While browsing AdWeek, I came across a video titled The Price of Carbon and thought it would be worth sharing as a conversation starter. It’s a pretty concise way to encourage the continuation of a complex discussion about a topic with immediate and long term impact on human existence on Earth.
Instead of charging polluters a fee for dumping their carbon dioxide into our shared atmosphere, we are all paying the cost of the consequences of putting attempting to store about 30 tons per year in our air. I’m willing to pay my share and work to reduce our collective contribution to the pollution. Are you?
Update: (Posted at 3:44 on May 23, 2013) After receiving several comments, I realized that I did not clearly state my recommended means of both paying my share and working to reduce our collective contribution to the pollution.
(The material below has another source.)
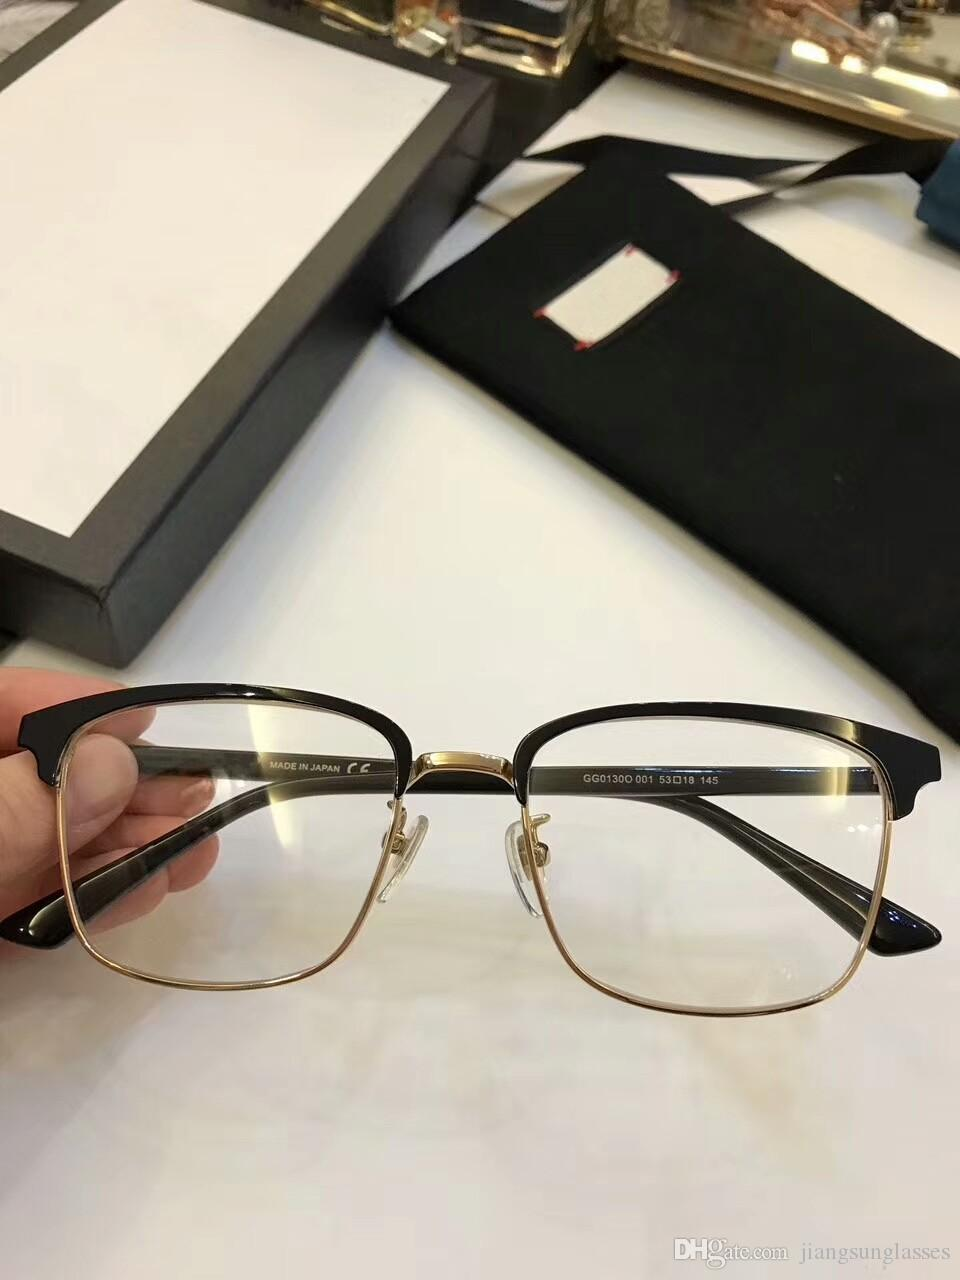 da663c572c 2019 Brand Designer Prescription Glasses G0130 Men Womens Glasses Frame  Clear Lense Women Brand Designer Eyeglasses Frame From Jiangsunglasses

I believe that Jim Hansen’s fee and dividend approach makes a world of sense and can be packaged into a politically palatable product.
I also was hoping that Atomic Insights readers would “get” that I am certain that rapidly expanding nuclear energy will increase human access to affordable, reliable energy — and energy use is what gives us the ability to do valuable work and live abundant, fulfilling lives — while at the same time dramatically slow human greenhouse gas emissions. Of course, nuclear fission does not just reduce CO2 when it replaces hydrocarbon combustion, it also eliminates NOx, SOx, fine particulates, trace toxins, and mercury. End Update.
BTW, for those who want to argue by claiming that CO2 is a plant fertilizer and a natural product, consider the fact that feces can make exactly the same claim.